Sunday, November 23, 2014

College Visits

It has been too long since my last post, and it is not for lack of things to share and talk about.  Typically my fall semester is not quite as busy as the spring, but I must say this fall has been bustling.  One thing (out of many) that I set out to improve on this year is college and career readiness.  I am fortunate to work in a college town, so it would be crazy not to utilize the resources that are at my fingertips.  I contacted the Texas Tech University Community Outreach Office to schedule college visits.  They were instrumental in seeing out my vision on educating the students about future choices.  The college visits were an amazing experience.  If you are lucky enough to work near a college campus, then take advantage of their community outreach office and start to plan your trip.
Each group that visited TTU had a purpose.  The picture above is from our second trip, which was made up of 30 student athletes.  One event that was planned for us was to visit Jones AT&T Stadium.  Due to confidentiality, I am not sharing the pictures that I took of the students.  However, I am sure you can imagine the excitement of getting to run around on the same field that the Red Raiders play on...a highlight of the year for sure!

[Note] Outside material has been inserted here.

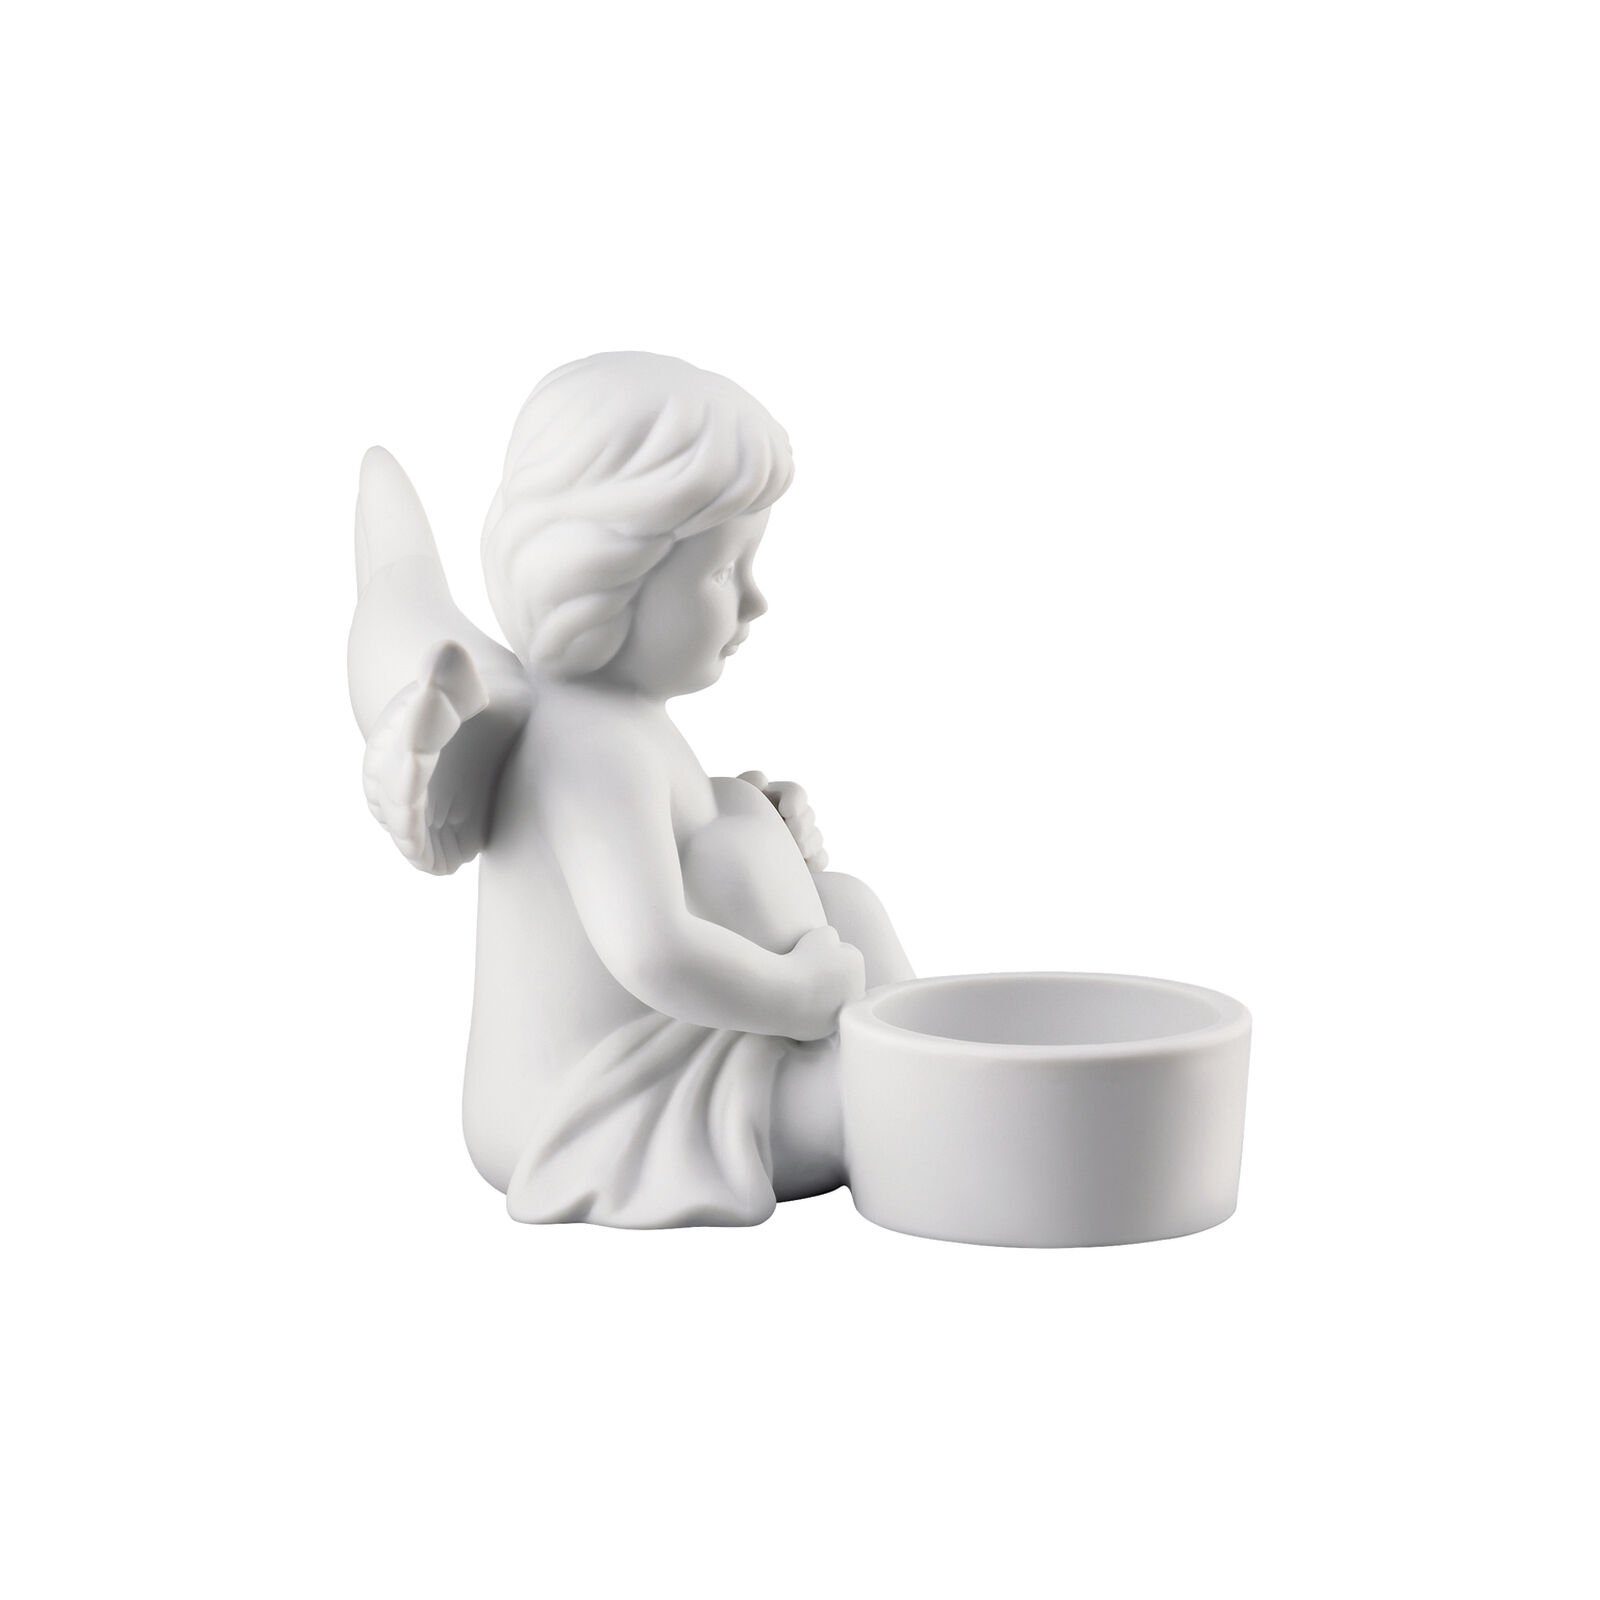 Porzellan Teelichthalter Engel Tischlicht Engel matt mit Weiß Rosenthal aus Herz,

Here are some things to consider when you are planning a college visit:
  1. The size of the group and the amount of adults needed to chaperon.  Each group that I took had 30 students and there were 3 adults from my school, giving us a 10:1 ration.
  2. Consider the time of year you schedule the trips.  About half of our time was spent out doors touring the campus, so weather was important for us to consider.  You can't predict everything, but I knew October usually provided nice temperatures.
  3. Group your students by a common interest or similarity.  For example, the third group of students that I took were either involved in student counsel, NJHS, or our volunteer organization.  I name this group "Leadership".
  4. Get input from others on which students to take.  Teachers and the schools administration were instrumental in helping identify good candidates.
  5. Have an idea of what you want your students to take from the trip, so the activities that are planned align with your group of students.